Blackwashing is not and can never be a thing. Why? Because if it were, it would be due to reverse racism, and we all know that doesn't exist either. Think about Idris Elba as James Bond, for example.
Since Daniel Craig declared he was done with playing James Bond, a lot of rumors about other actors taking the legendary character started to spark. Perhaps the most sounded back there was Tom Hiddleston who assured that no one had approached him on the matter but had could be a part he’d like to interpret. Well, as we know, Craig, later on, said he had spoken in an outburst and that he would return to one more film but who will take the torch? For years the rumor of Idris Elba being a great candidate has been around sparking all sorts of opinions. On the one hand, there are tons who believe he has all it takes to renovate the famous 007, while others with really lame postures rhetorically claim that why should a black person interpret a clearly white character. Throughout the Internet, a lot of these people have been talking about something they call blackwashing (which has been applied to the case of Elba as Bond) and trying to make it a thing. Spoiler alert it’s not and this is why.

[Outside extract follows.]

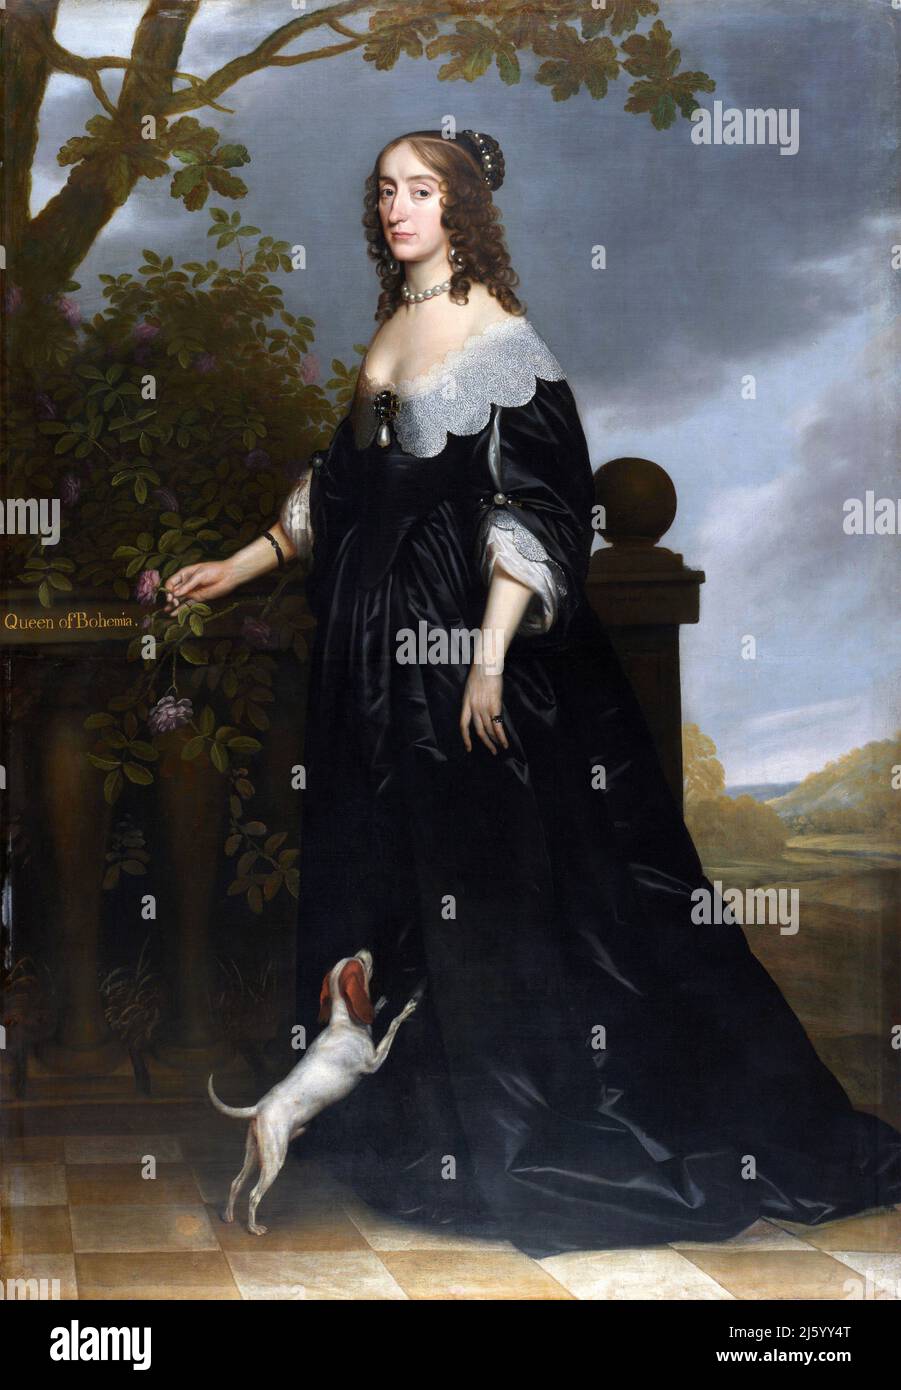 Elisabetta Regina di Boemia, ritratto del pittore olandese dell'età dell'oro Gerrit van Honthorst (1592-1656), olio su tela, 1642. Elisabetta era la moglie di Federico V, Elettore Palatino e spesso chiamata Regina d'Inverno. Era la seconda figlia e figlia maggiore di re Giacomo VI e io di Scozia, Inghilterra e Irlanda. Foto Stock
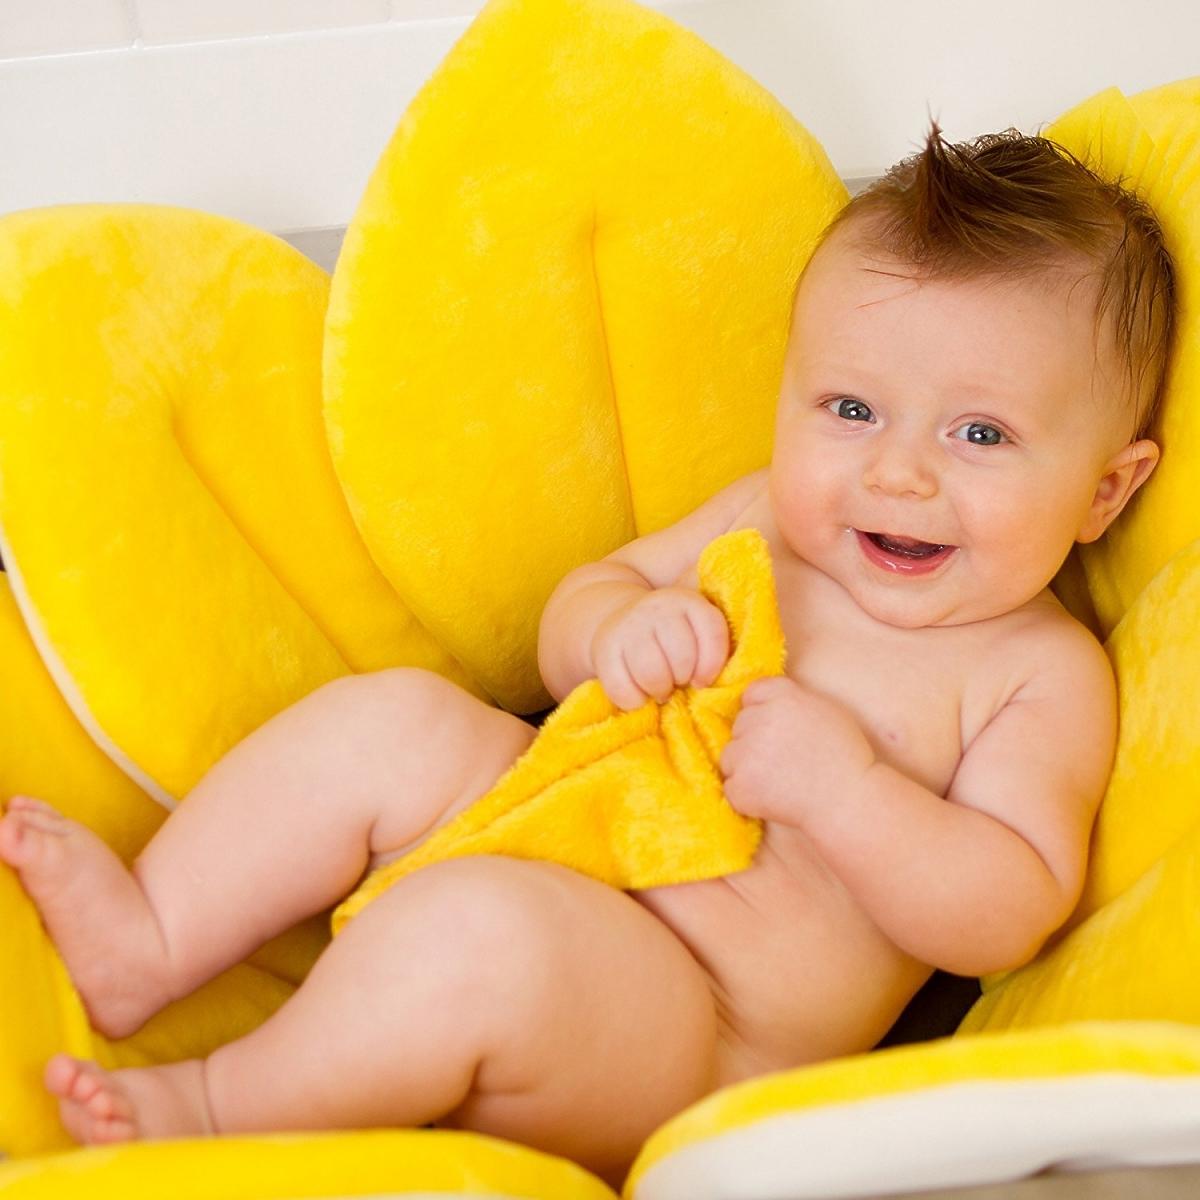 niemowlę w żółtym kwiatku.jpg

If the story of your life were made into a movie, would you care if you were played by someone from a different race? Some movie fans do, and they hate it when a director chooses to cast an actor who doesn’t resemble the original image of their favorite characters, like it happened with the Ghost In The Shell (2017) movie, starring Scarlett Johansson. This decision caused a wave of criticism because the original Japanese anime follows the adventures of an Asian cyborg heroine. Doesn’t Hollywood have Asian actors who can play these roles? I’m sure they do, so why cast white actors to play characters of color? This is known as “whitewashing,” and it’s a form of racism. However, all of a sudden people are calling out directors for casting black actors in roles that weren't originally black, like when it was announced that Zendaya would be playing Mary Janne in the Spiderman saga, they started calling it "blackwashing." But is there a valuable argument to that? Let’s take a look.
The difference between “whitewashing” and “blackwashing,” besides the race factor, is that the former exists and the latter is a made-up excuse to justify Hollywood's “whitewashing” practices. It’s kind of a “look, they're doing it too” argument. In other words, while there is a ton of evidence that Hollywood's casting process is plagued by prejudice and racism, “blackwashing” is simply not a thing because casting a black character adds diversity to a film and there's no such thing as reverse racism. In contrast, “whitewashing” has been around for a very long time, like when John Warne played a man from Mongolia in The Conqueror (1956), and it's still happening to this day. The reason why we’re only talking about it now is because back then we weren’t as “woke” as we are now about white privilege and media stereotypes, and because social media has given moviegoers a platform to call out racism.
Here are some films accused of “blackwashing” their characters, which we know isn't true.
Hunger Games (2012)
Fantastic Four (2015)
Star Wars: Episode VIII: The Last Jedi (2017)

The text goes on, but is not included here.